Burn wound imaging with OCT
Burn wounds are a common injury that often leaves permanent scars on the skin of people and sometimes lifelong disability in terms of impaired movements. One problem that concerns burns is that the injured area is extremely sensitive to infections and it is very painful for several days after the accident. Because of this, most of the assessment is done by simply looking at the color and extent of the burn or by gently touching it. Therefore, a non-invasive technique that reliable predicts the behavior of the injury is desirable.

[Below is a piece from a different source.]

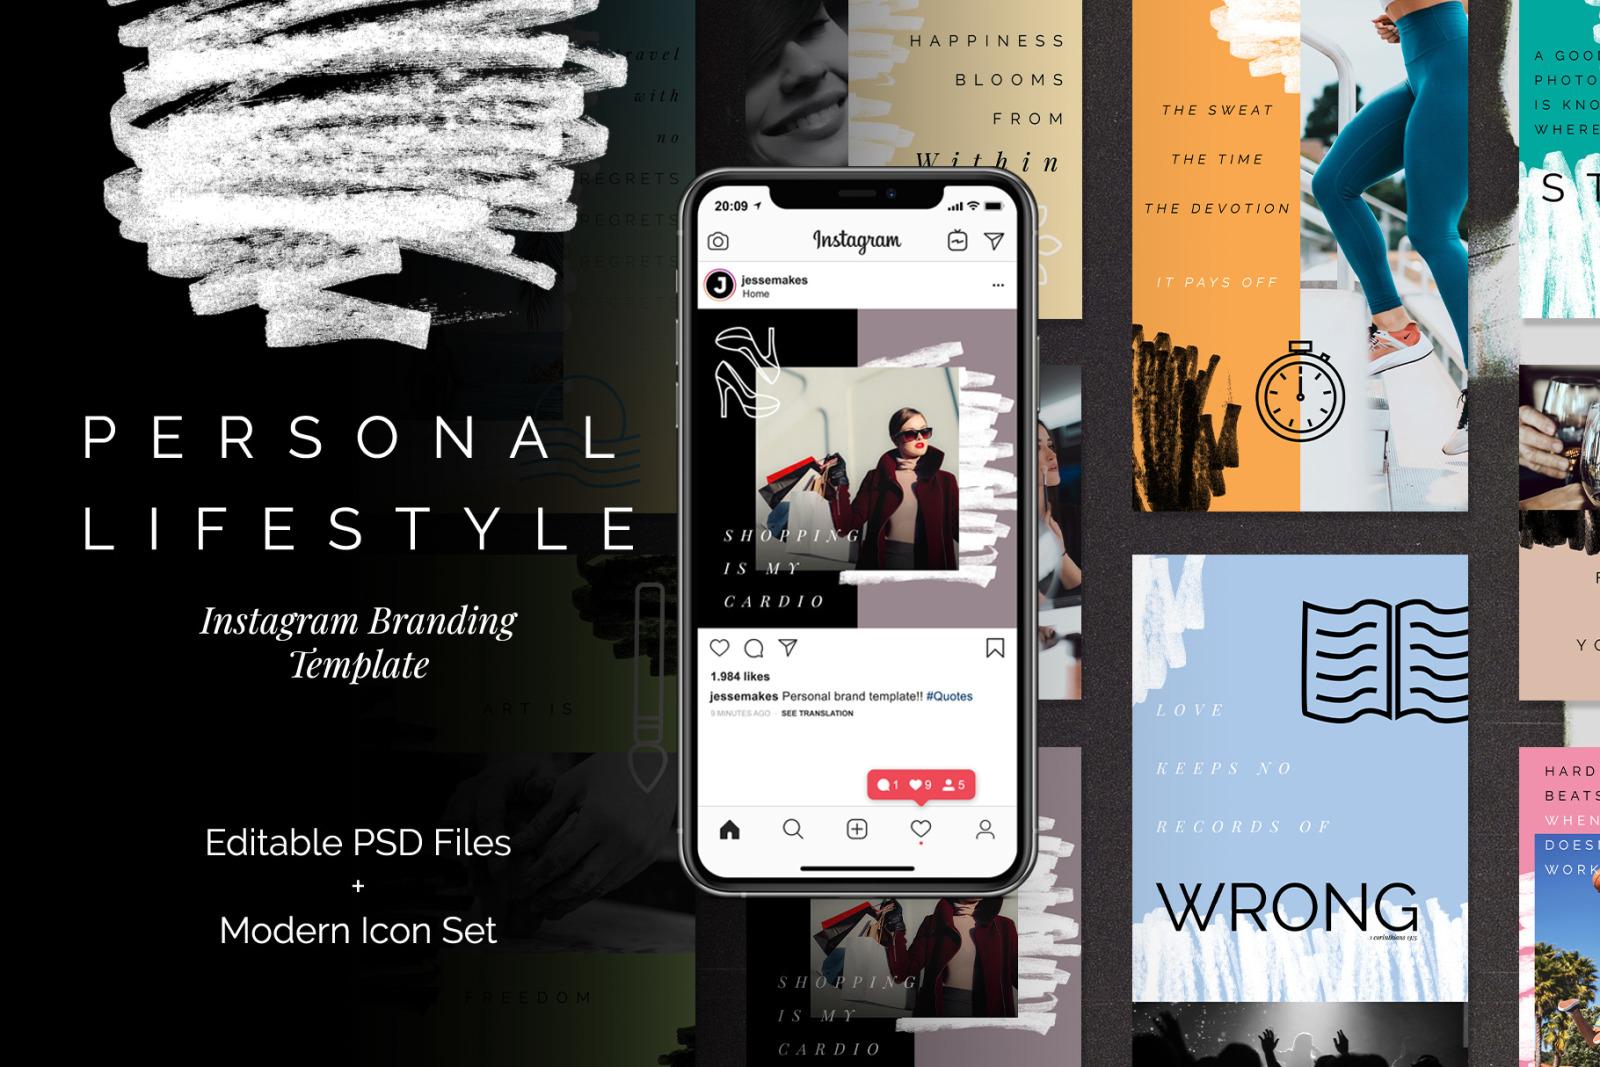 Download Instagram Story Mockup Free Psd PSD - Free PSD Mockup Templates
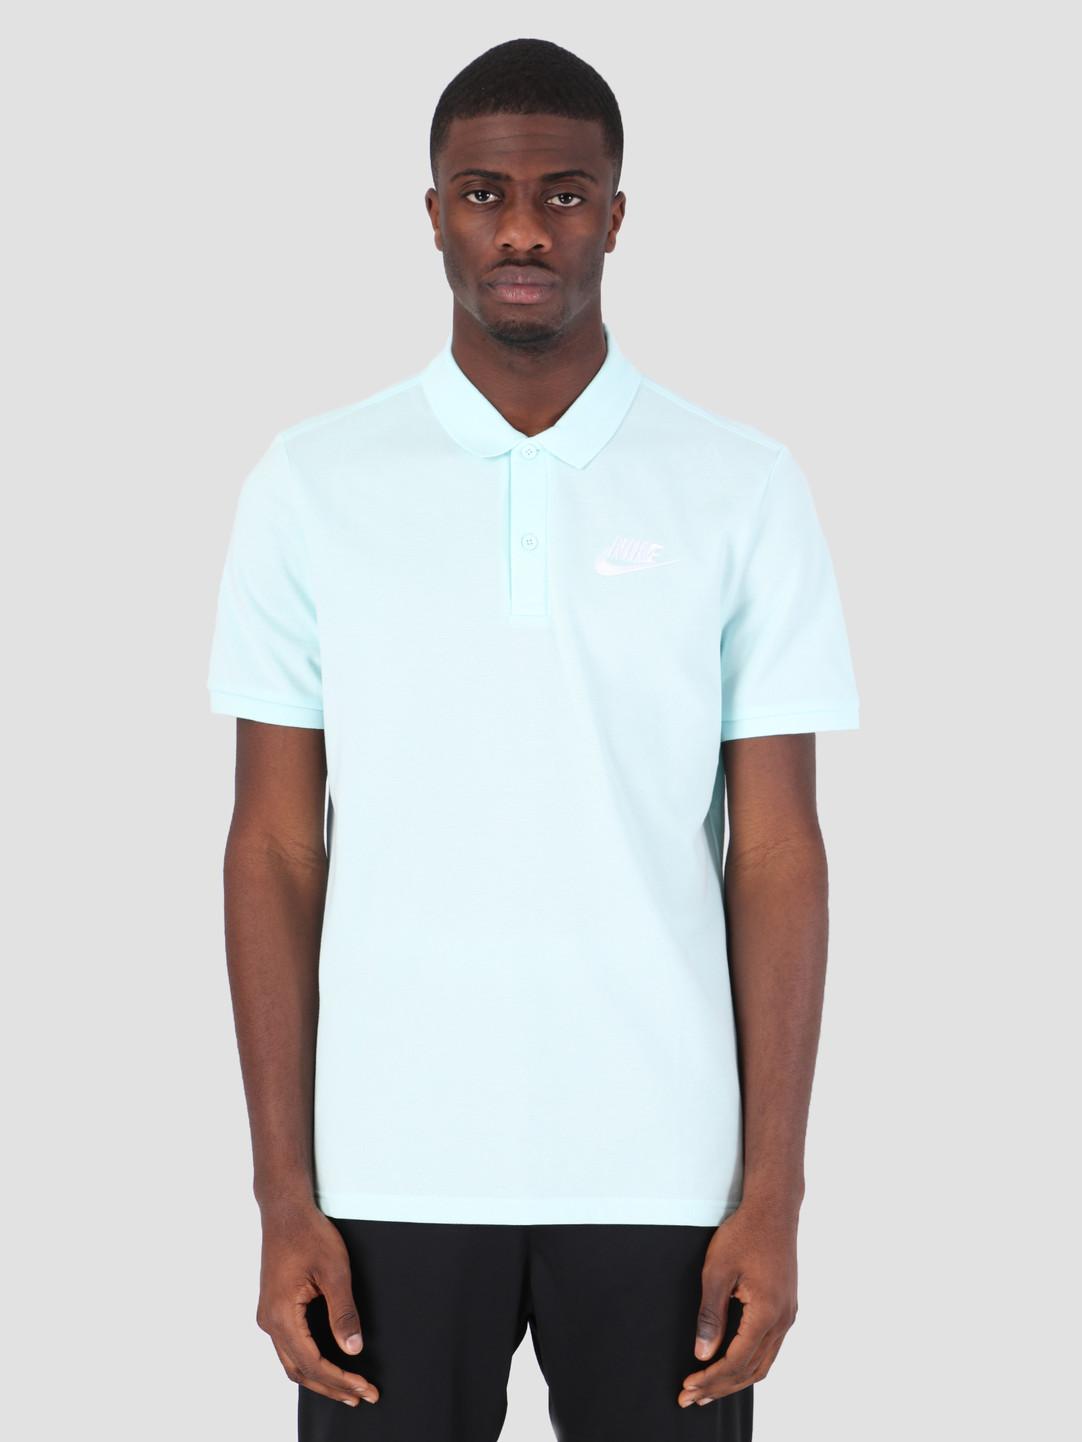 Nike Nike Sportswear Polo Teal Tint White 909746-337

Polarization sensitive OCT is a technique that allows to highlight the presence and density of collagen bundles in tissue. Moreover it can register the degradation of collagen due, for example to exposure to temperatures higher than 56 °C. This technique might be a tool to assess a burn or a potential predictor of the evolution of a burn scar.
For this purpose, we have built a custom handheld probe that is able to perform PS-OCT on the skin, with minimal discomfort for the patients
In collaboration with the Rode Kruis Hospital in Beverwijk (NL) we have conducted imaging sessions on people with fresh burn wounds and also on people with scars caused by burns.
Miniaturized OCT and NIR-Fluorescence endoscopy
Fabio Feroldi and Helene Knaus
Our research focuses on simultaneous optical coherence tomography and near-infrared fluorescence imaging for clinical applications using miniaturized scanning devices. The combination of optical coherence tomography (OCT) and fluorescence imaging provides morphological and biochemical information of the specimen. Real time images can be obtained noninvasively by implementing these two techniques in a handheld device or an endoscope. In combination with specific labeling of cancer tumors using fluorescent dyes, this opens the door for new early stage cancer diagnostics, for example colorectal cancer or lung cancer.
We are working on a versatile imaging platform based on double-clad fibers that can be used with a motorized and flexible endoscope for inner organs inspection or a handheld device for intrasurgical imaging.
Image: Simultaneously acquired fluorescence image and en face OCT images using the handheld device, showing a gelatin embedded melanoma-cancer-cell-spheroid (mimicking a melanoma tumor).
Extending the axial focus of OCT
Judith van Santen
In the quest of diagnosing cancer in an early stage, we are working on increasing the resolution in OCT, to be able to diagnose smaller tumors. Ultimately we want to employ this for OCT endoscopy. To improve the resolution we use mathematical refocusing. This refocusing is possible due to a phase plate which is added to the sample arm of the OCT system, which creates three optical paths for the light. Because we now have three images of the same tissue, which all three inhibit different phases imposed by the phase plate, we can extract the defocus phase and correct for it, yielding refocused images. This refocusing method leads to four-fold increase of high-resolution imaging range.